Wednesday, February 20, 2013

La Clemenza di Tito

I was the Canadian Opera Company's production of Mozart's last opera last night.  I don't actually have much more to say about it than the Toronto Star or the Globe and Mail.  I completely agree with this reviewer that it was really well sung, maybe the best sung Mozart opera I've seen at the COC, and that the substitute for Michael Schade, Owen McCausland, really shone in the title role (especially in the 2nd part).  However, it was marred by one of the most incoherent productions the COC has ever staged. 

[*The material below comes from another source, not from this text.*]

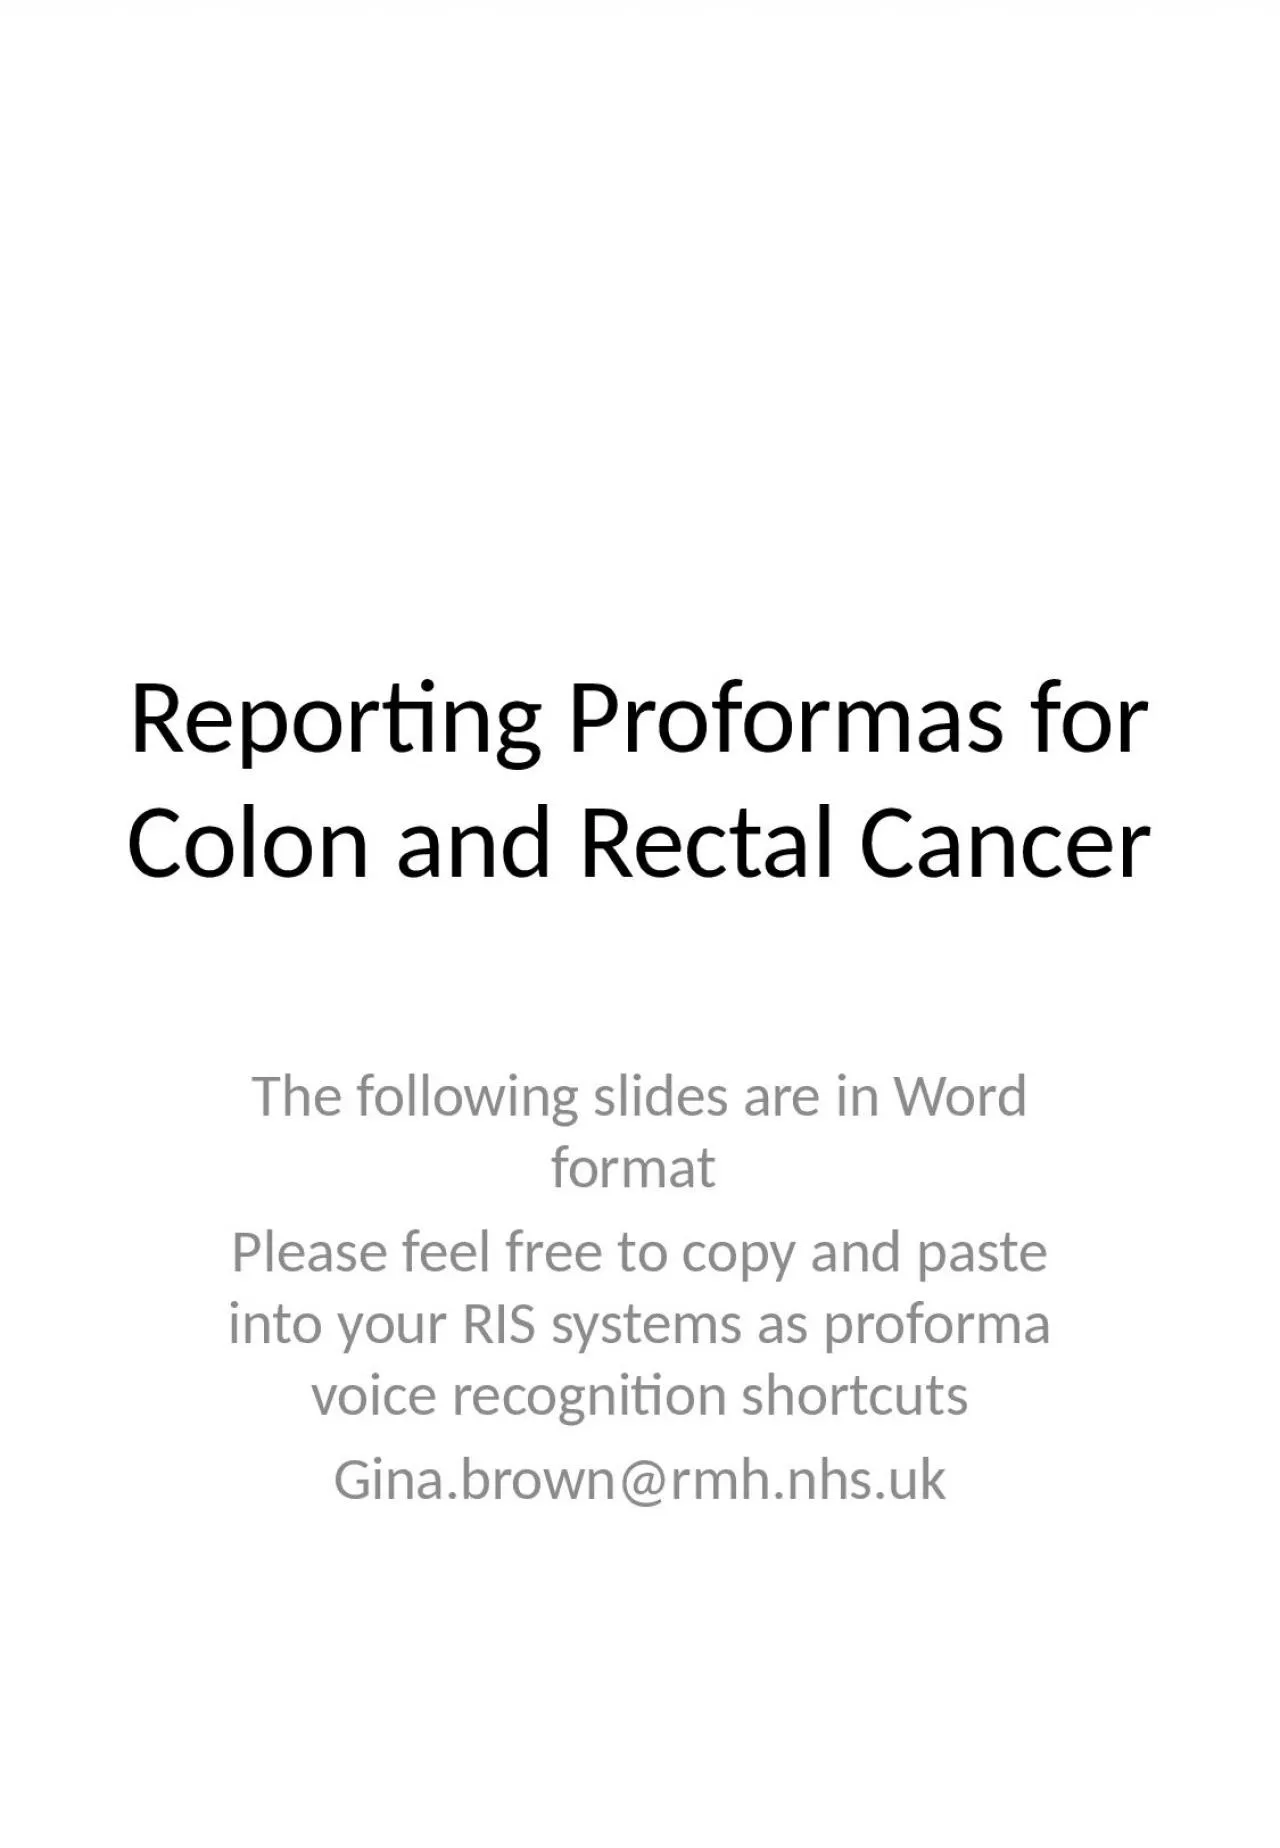 Reporting  P roformas  for Colon and Rectal Cancer

Now I have complained about COC strangeness before, like when they tried to set Beethoven's Fidelio in a Kafkaesque (HA!) bureaucracy, or completely ruined the ending of Don Giovanni (for laughs?), but the problem with this one went deeper, in part because the notes the director, Christopher Alden, wrote for the playbill were quite intriguing.  He argues that Titus, who is characterized by his clemency (hence the title!), actually tyrannizes his populace with kindness. 

I have to admit, this sounded like a really interesting take, and I looked forward to seeing that.  Unfortunately, what happened on stage failed to resemble even the director's argument for the production!  Instead, it came off as farce, which, in light of the libretto and Mozart's music, simply made no sense.  It resulted in people laughing at points of high seriousness, and reducing certain characters, like Annio and Vitellia, to wildly inappropriate caricatures. Basically all the humour that was set up in the first part led to the audience seeing certain characters as funny, and so when they got serious, like when Vitellia completely changes her position on Tito, it comes off as though she's not serious, or perhaps insane. 

It was the same with the setting - I enjoyed the idea of a kind of late-late Modernist building, and the fact that it looked like every 1960's arts centre lobby in Canada, from Vancouver's Queen Elizabeth Theatre to the Confederation Centre in PEI.  But again, there was no payoff.

So unlike some of the previous productions I've seen, which were obviously thought through, but the concept itself was poorly conceived, this one struck me as intriguingly conceived, but terribly articulated in its execution. 

Nevertheless, I would highly recommend seeing it for the singing, and it's a shame that the house was the emptiest I've seen it in a long while last night given the quality of the musical performances. 

Just try not to think too much about what's going on on stage.